↓

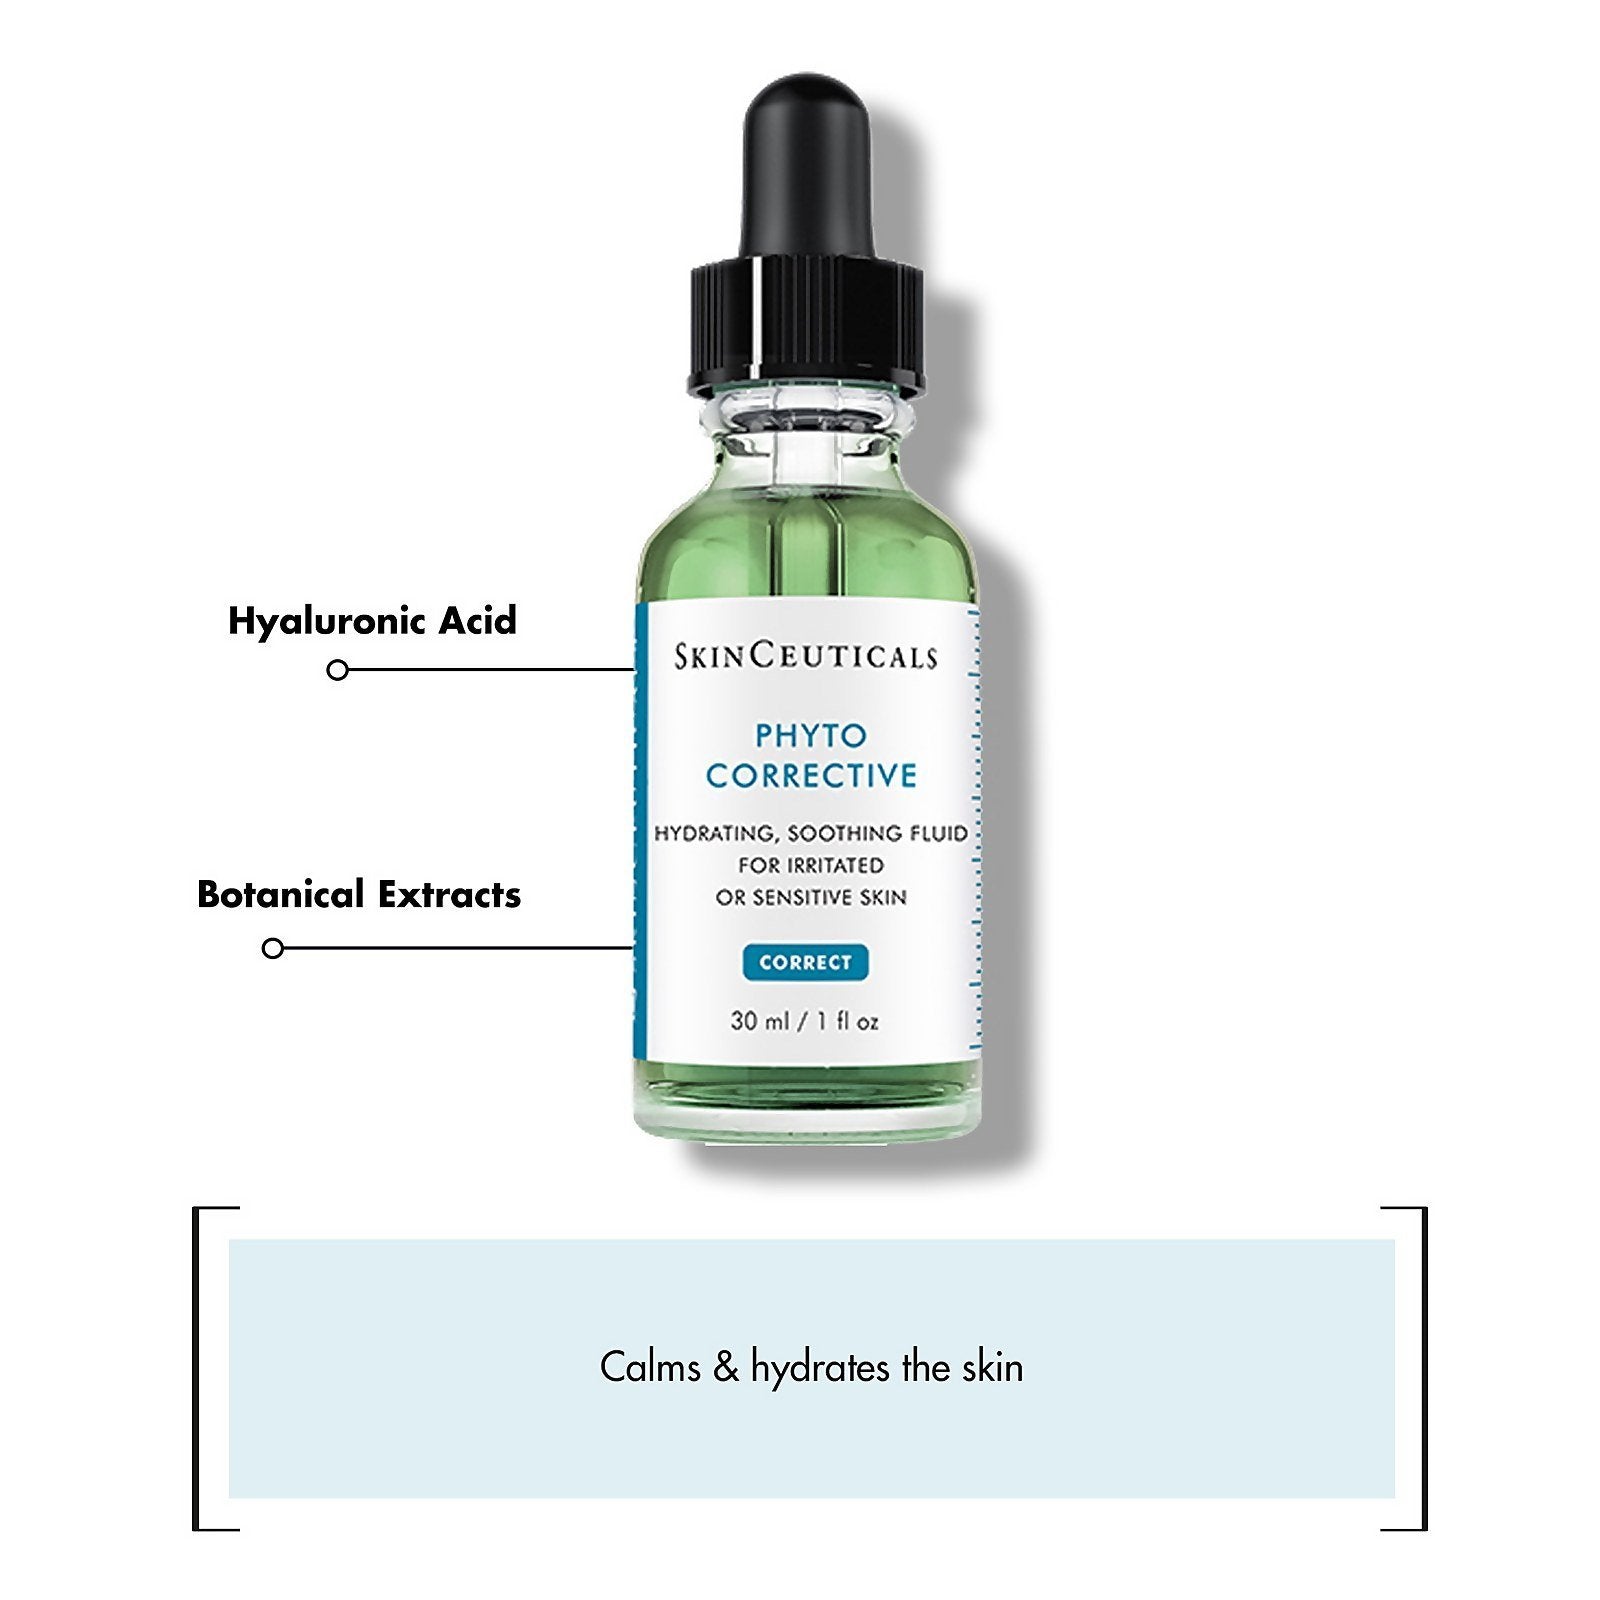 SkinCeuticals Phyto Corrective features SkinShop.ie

↑
↓

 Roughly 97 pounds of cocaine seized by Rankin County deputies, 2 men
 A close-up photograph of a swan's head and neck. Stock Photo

↑
↓

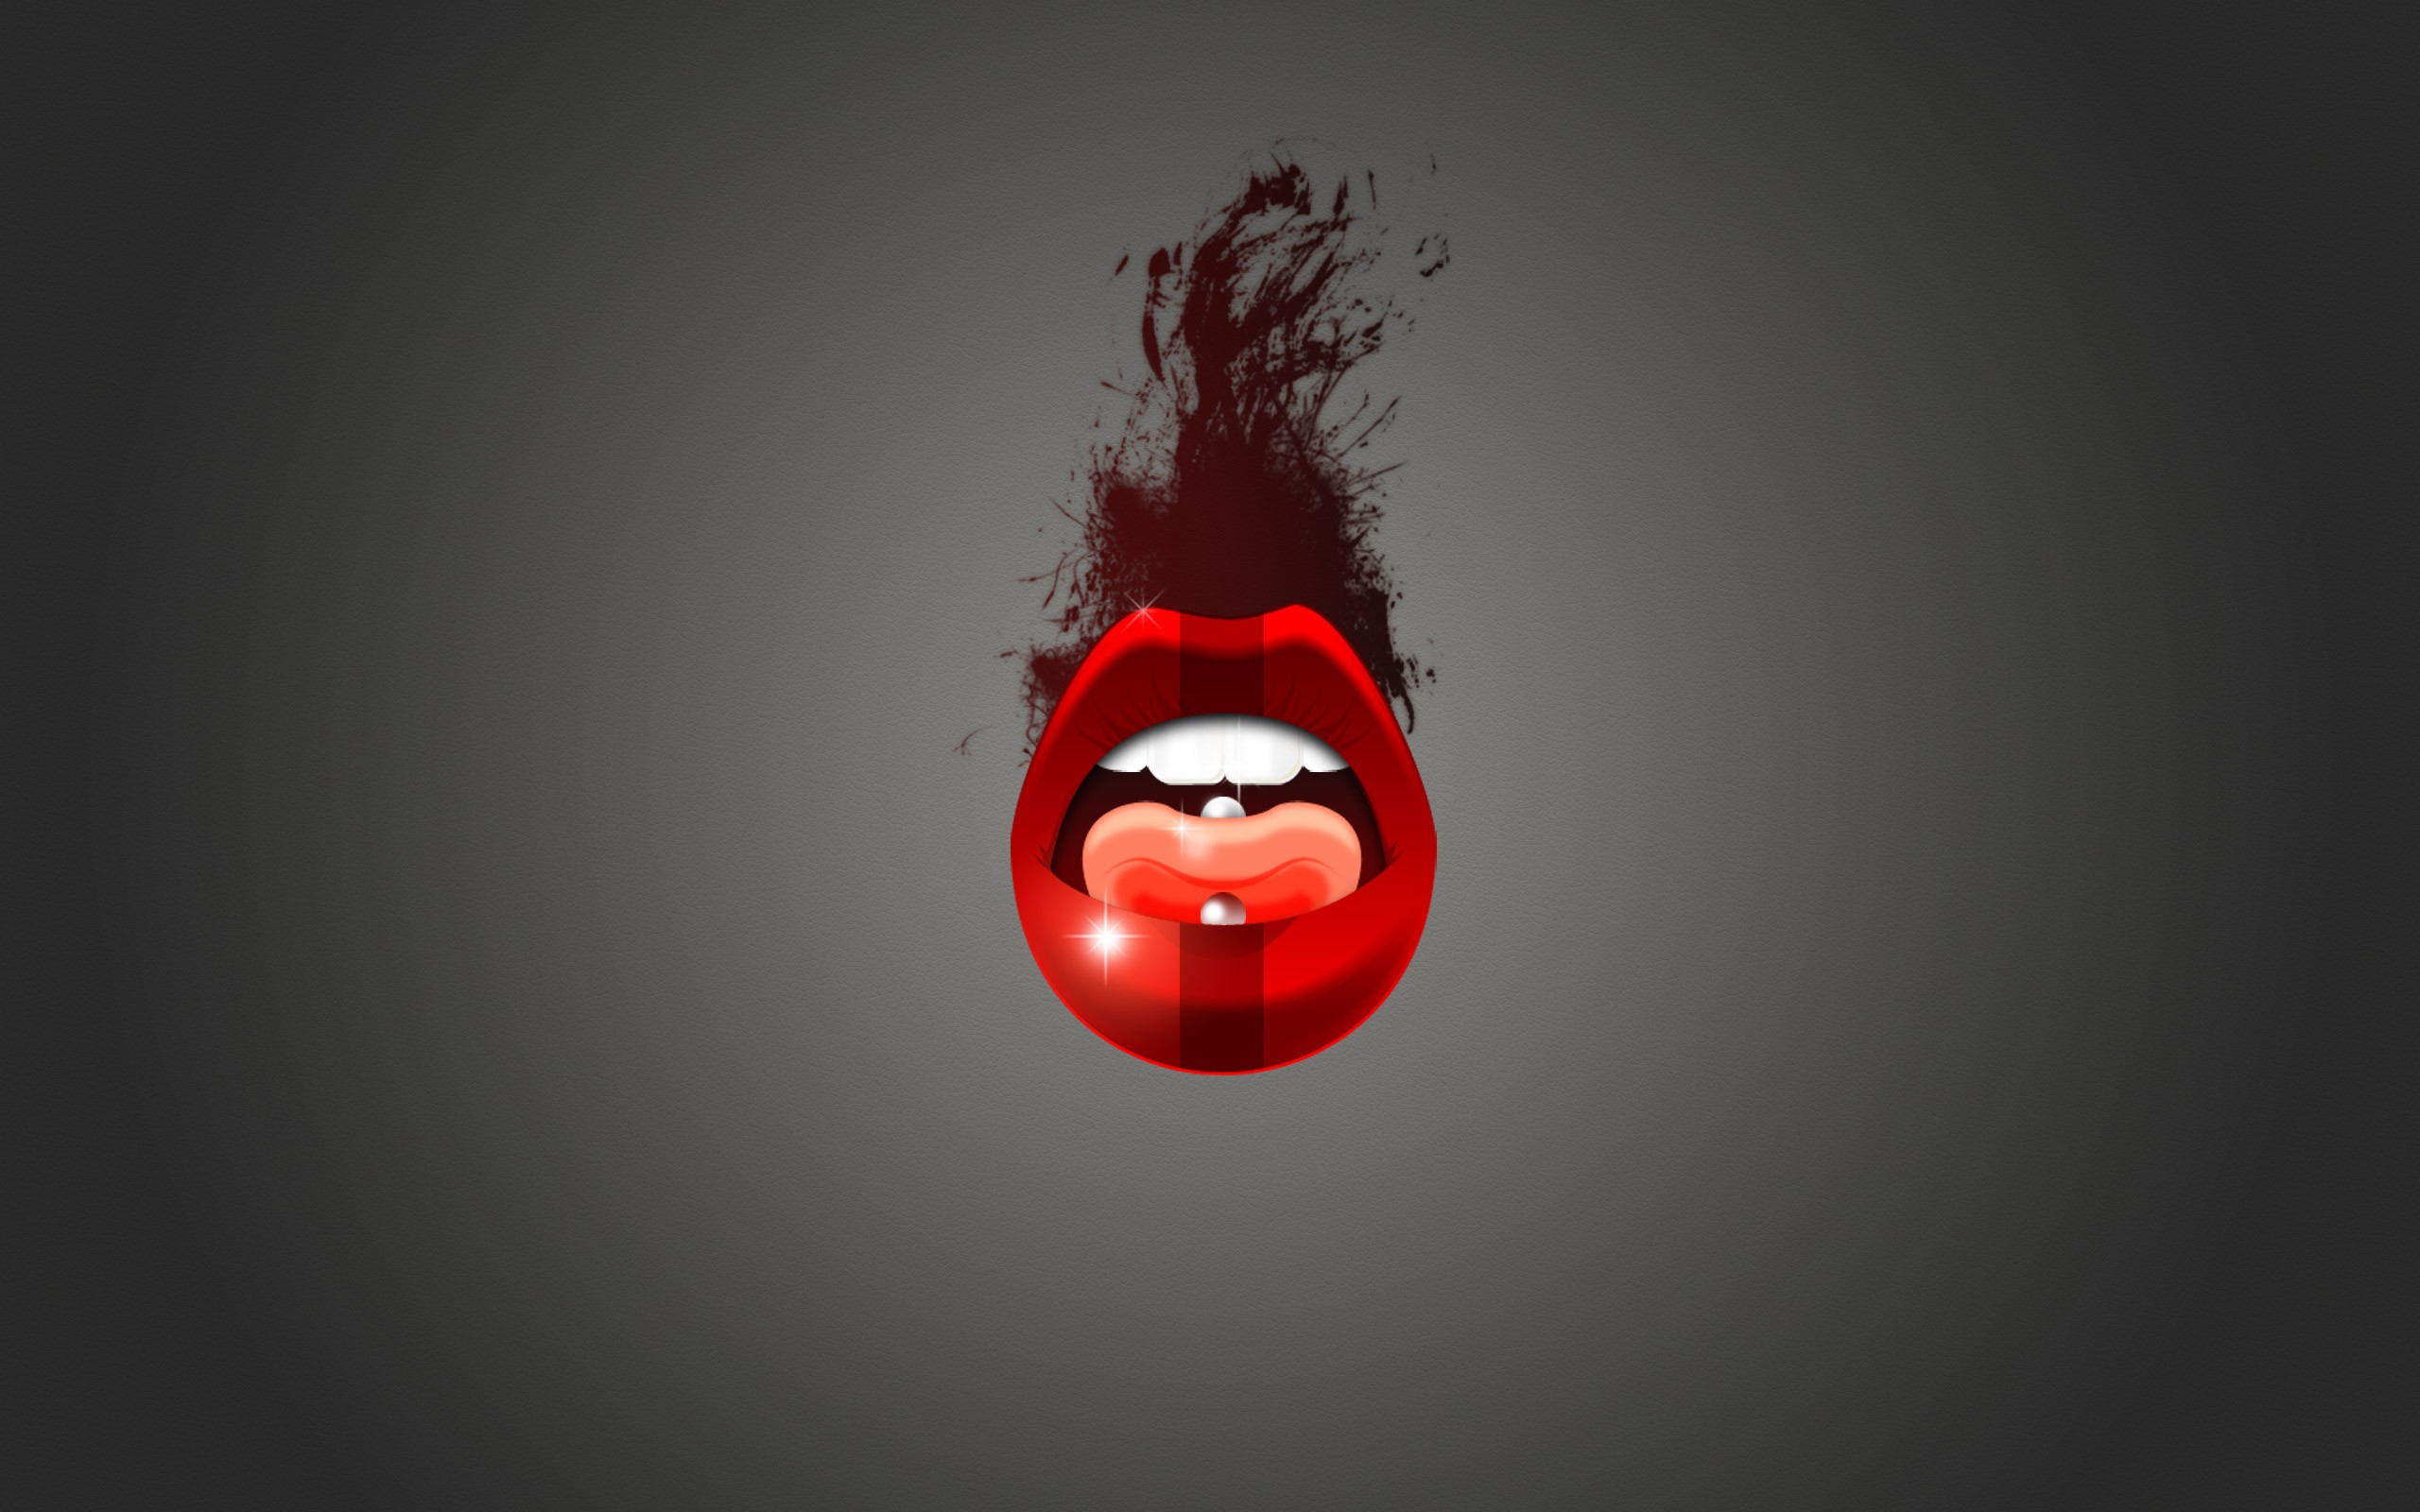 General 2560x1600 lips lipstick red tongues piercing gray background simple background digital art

↑

Starting at the line that contains "Roughly 97 pounds" and stopping after the line that contains "A close-up photograph", write out every line exactly as it appears above, and no other line.

 Roughly 97 pounds of cocaine seized by Rankin County deputies, 2 men
 A close-up photograph of a swan's head and neck. Stock Photo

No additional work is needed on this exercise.